Merkel says German politics needs more women; don’t ask about her blazers!

4 mins read
EU summit in Brussels

BERLIN – Angela Merkel encouraged more women to get involved in German politics as she prepared to leave office after 16 years as the country’s first female chancellor, saying it was still too male-dominated and needed to get with the times.

And Merkel, who inspired women around the world as leader of Europe’s largest economy, showed her typical no-nonsense flair as she answered a wardrobe-related question from Sueddeutsche Zeitung that probably would not have been asked of a man.

“I don’t give clothes to museums,” the 67-year old said when asked if she would give any of her trademark colorful blazers to a museum. In the broad-ranging interview, she noted that she instead donated to used clothes collection points.

Worries Merkel’s departure could spell a dearth of women in top political offices and accusations of sexual misconduct at media company Axel Springer sparked a heated debate this week about gender inequality and sexism in Germany.

“We’ve still not managed to enthuse enough women for politics,” Merkel said. “In general, more work needs to be done so women gain more confidence. Because even when there are women, it’s not like they for wrestling for example for the party chair.”

Gender parity could become a point of contention in the formation of the next government with the three parties currently in formal coalition talks divided over the matter.

Analysts say sexist attitudes and structural barriers also play a role. During the recent federal election campaign, the Greens candidate for chancellor complained sexist scrutiny was holding her back.

A rare woman in the upper echelons of her conservative, male-dominated Christian Democrats (CDU), Merkel long avoided casting herself as a feminist. For instance, she lagged other politicians in supporting policies pushed by feminists like boardroom quotas for women.

Yet in 2018 she publicly pressed the CDU to attract more women to their ranks or else lose their status as one of Germany’s two big popular parties, or ‘Volksparteien’.

The CDU/CSU conservative bloc achieved its worst national election result last month, due to a variety of reasons.
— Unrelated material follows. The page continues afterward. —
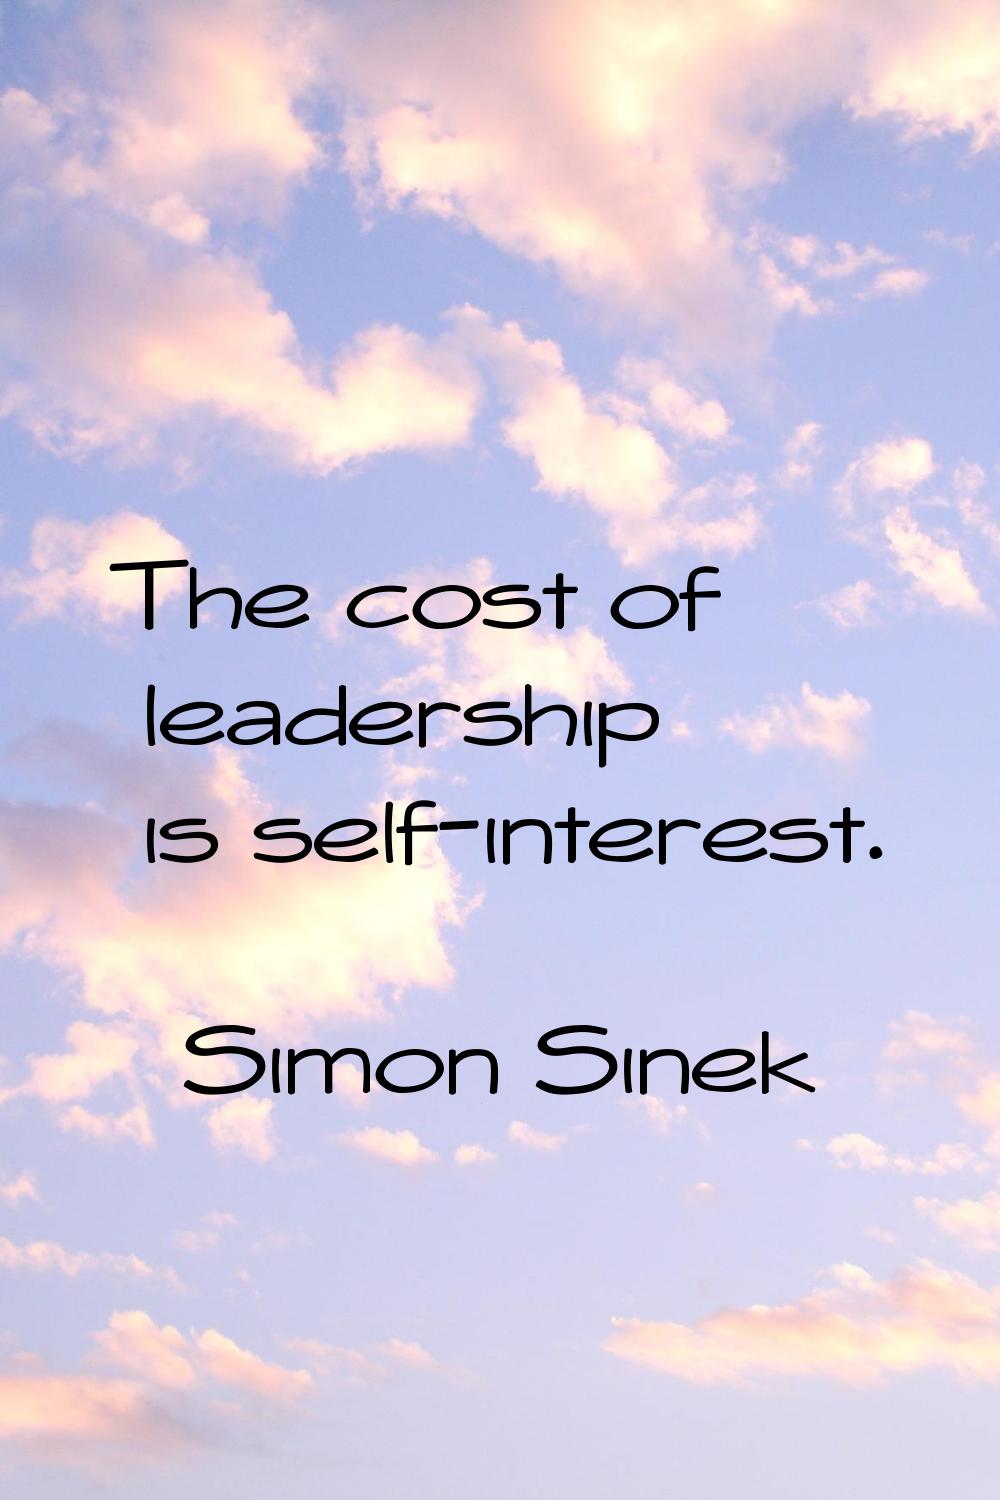 The cost of leadership is self-interest.
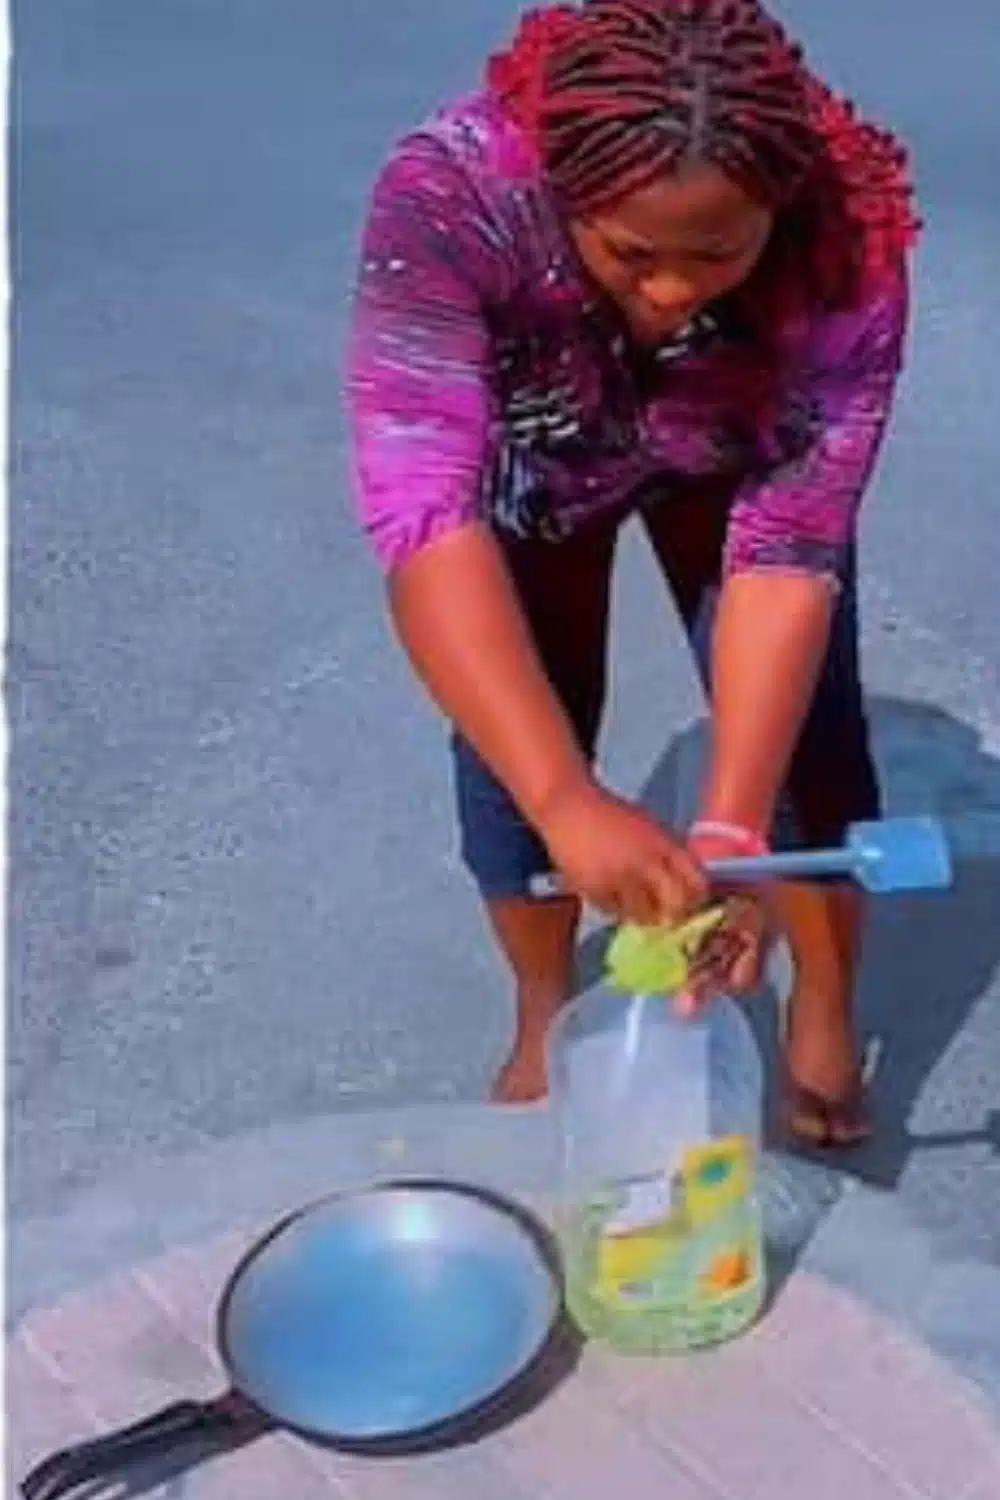 Moment Dubai-based lady uses hot sun to fry eggs goes viral (Video)

Merkel, who did not stand for re-election, will most likely now be succeeded as chancellor by Olaf Scholz, current vice chancellor and the head of the centre-left Social Democrats (SPD), which won the most votes.

Asked if she could sleep peacefully knowing an SPD member would be in the chancellery, she said: “We have political differences, obviously, but I can sleep peacefully.”

She told the Sueddeutsche Zeitung she still did not yet know what she would do when she left office although she had always been able to find ways to keep busy.

Known as a skilled deal maker, Merkel said she was “thoroughly concerned” about the growing difficulty in the European Union to keep forging compromises amid a rise in nationalism and a lack of agreement about the bloc’s purpose.

On her handling of the pandemic, the chancellor who has a doctorate in quantum chemistry said the scientist within her was at war with the politician. Last year, for example, she wanted to impose a lockdown preventatively but had to wait until it was politically feasible as cases were rising.

“But that’s politics: we need majorities for our decisions.”